A nerve block is administered by inserting an intravenous (IV) catheter into areas of the body near nerves that would transmit pain messages to the brain. This is also known as regional anesthesia. Nerve blocks are an alternative to PCA pumps. After one to two days, your doctor will remove the catheter and you can begin taking pain medicines by mouth if they’re needed.
People who’ve received nerve blocks report higher satisfaction and fewer adverse events than those who’ve used a PCA pump. However, nerve blocks still have risks that include infection, allergic reaction, and bleeding. The nerve block also causes you to lose control of the muscles of the lower leg. This may slow your physical therapy and ability to walk.
This is a newer medication for pain relief that a doctor injects into the surgical site. Also known as Exparel, this medicine releases a continuous analgesic to relieve pain for up to 72 hours after your procedure. This medication may be prescribed along with other pain medications.

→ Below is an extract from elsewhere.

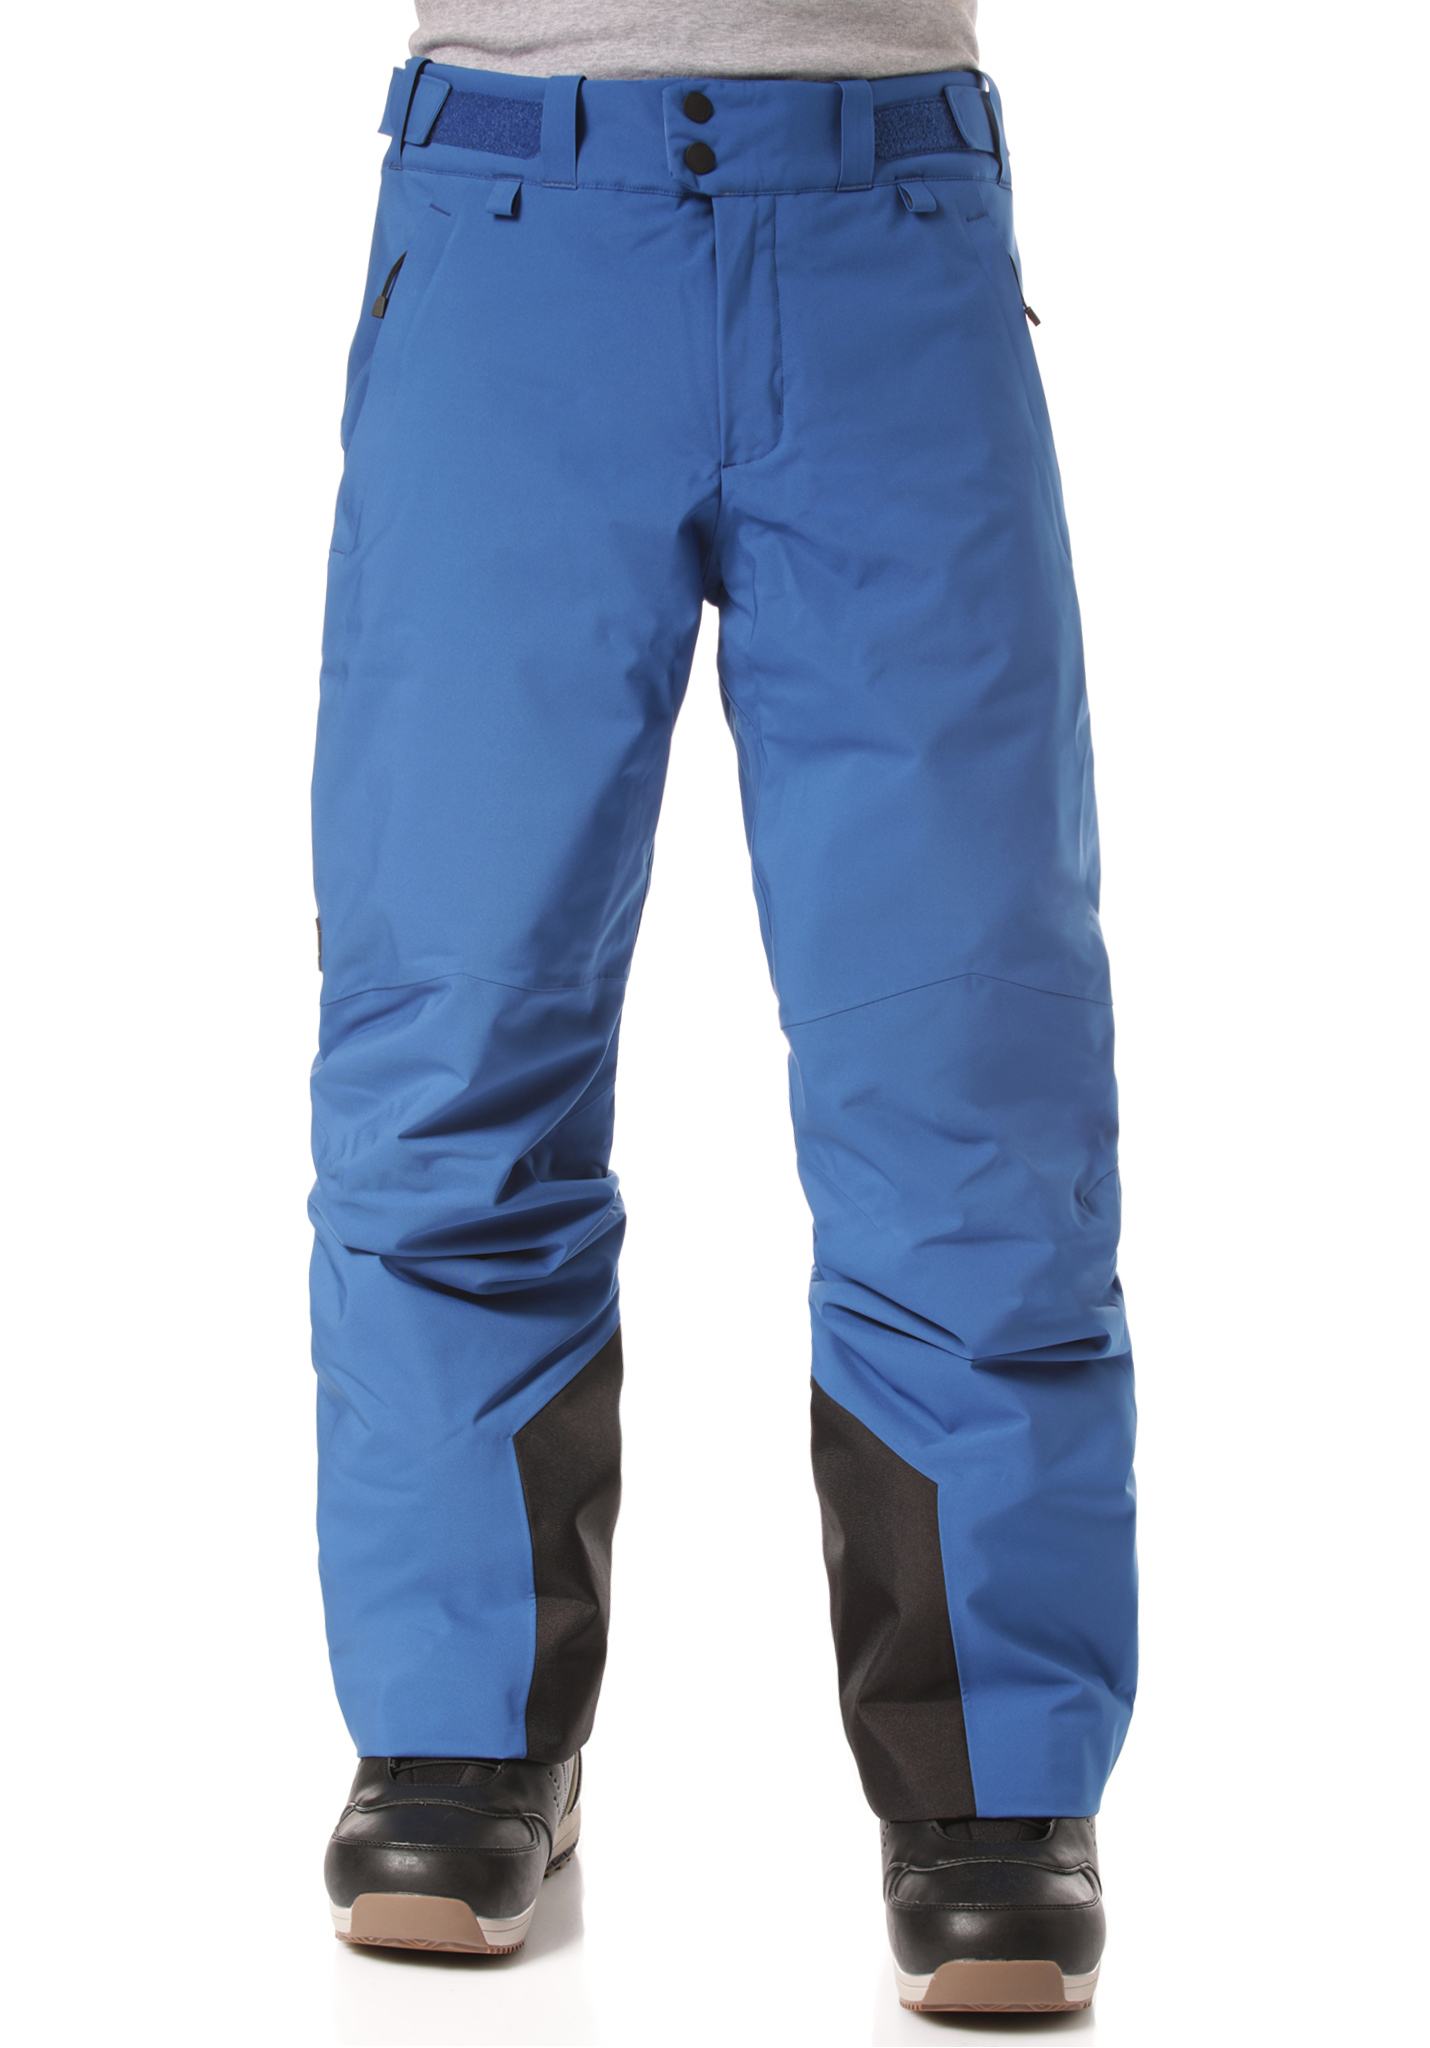 Peak Performance Maroon Snowboardhosen blau XL
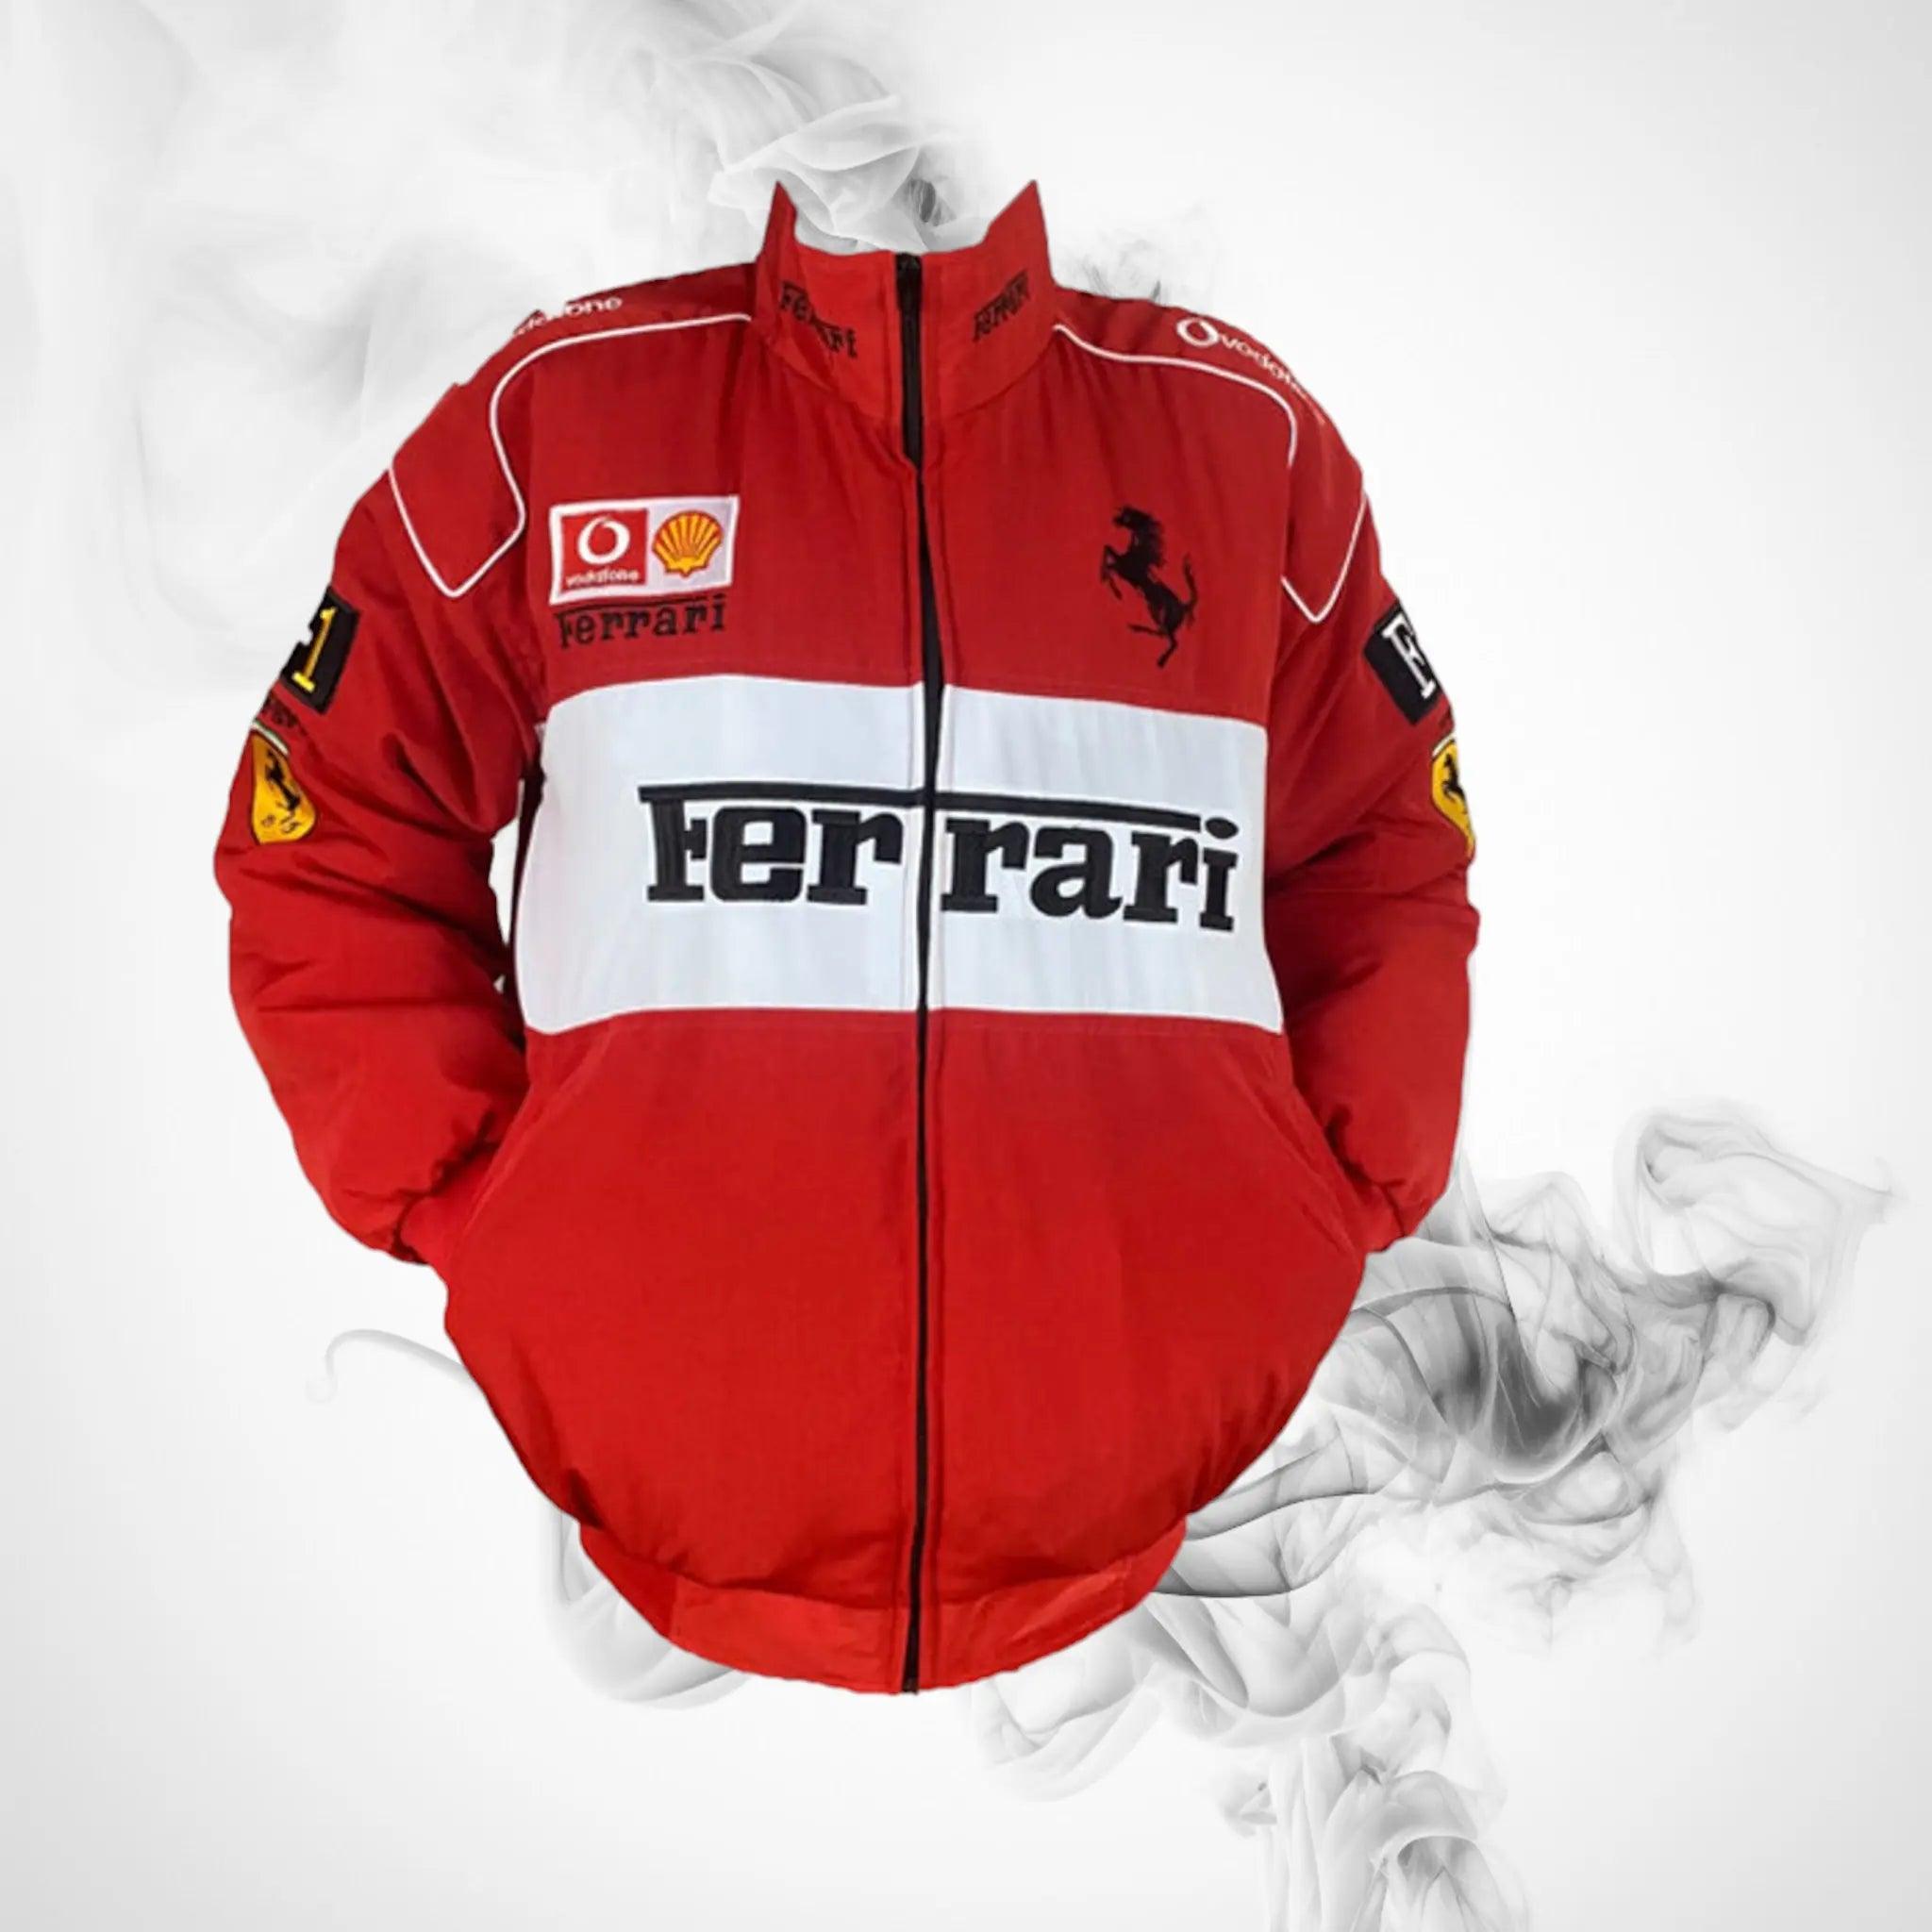 Ferrari Racing Jacket Red and White | NASCAR jacket - Dash Racegear

Having a knee replacement surgery increases your risk for blood clots after surgery. Blood clots are extremely dangerous because they can lodge in the heart or brain, resulting in a heart attack or stroke. A blood clot is known as a deep vein thrombosis (DVT). You’re at an increased risk of a DVT after surgery for the following reasons:
- Your bones and soft tissue release proteins that aid in clotting during surgery.
- You’re immobile during the surgery, which can promote the development of blood clots.
- You don’t move around as much as you usually do after surgery.
Your doctor will prescribe medications and techniques to reduce the risk of blood clots after surgery. These could include:
- compression stockings, which you wear on your calves or thighs
- sequential compression devices, which gently squeeze your legs to promote blood return
- aspirin, which is an over-the-counter pain reliever that also thins your blood
- low-molecular-weight heparin, which you can receive by injection or through a continuous IV infusion
- other injectable anticlotting medications, such as fondaparinux (Arixtra) or enoxaparin (Lovenox)
- other oral medications besides aspirin, such as warfarin (Coumadin) and rivaroxaban (Xarelto)
There are several medications currently awaiting FDA approval to prevent postoperative blood clots. Examples include ximelagatran and razaxaban.
What medication your doctor prescribes often depends on your medical history, allergies, and risk of bleeding. Moving around shortly after your knee surgery is another great way to prevent blood clots and can enhance your recovery.
In addition to medications to reduce pain and risks of blood clots after knee replacement, your doctor may prescribe other medications meant to minimize the side effects of anesthesia and pain medicines.
In one study, an estimated 55 percent of patients in the hospital needed treatment for nausea, vomiting, or constipation. Your doctor may prescribe antinausea medications, such as ondansetron (Zofran) or promethazine (Phenergan), if you experience nausea. Your doctor may also prescribe medications for constipation or stool softeners, such as:
- docusate sodium (Colace)
- bisacodyl (Dulcolax)
- polyethylene glycol (Miralax)
Your may also receive additional medications if you need them. This could include a nicotine patch if you smoke.
Knee replacement surgery may temporarily cause pain, but the procedure can offer long-term pain reduction and greater mobility. Medications are available to keep your pain to a minimum, which can improve your mobility after surgery.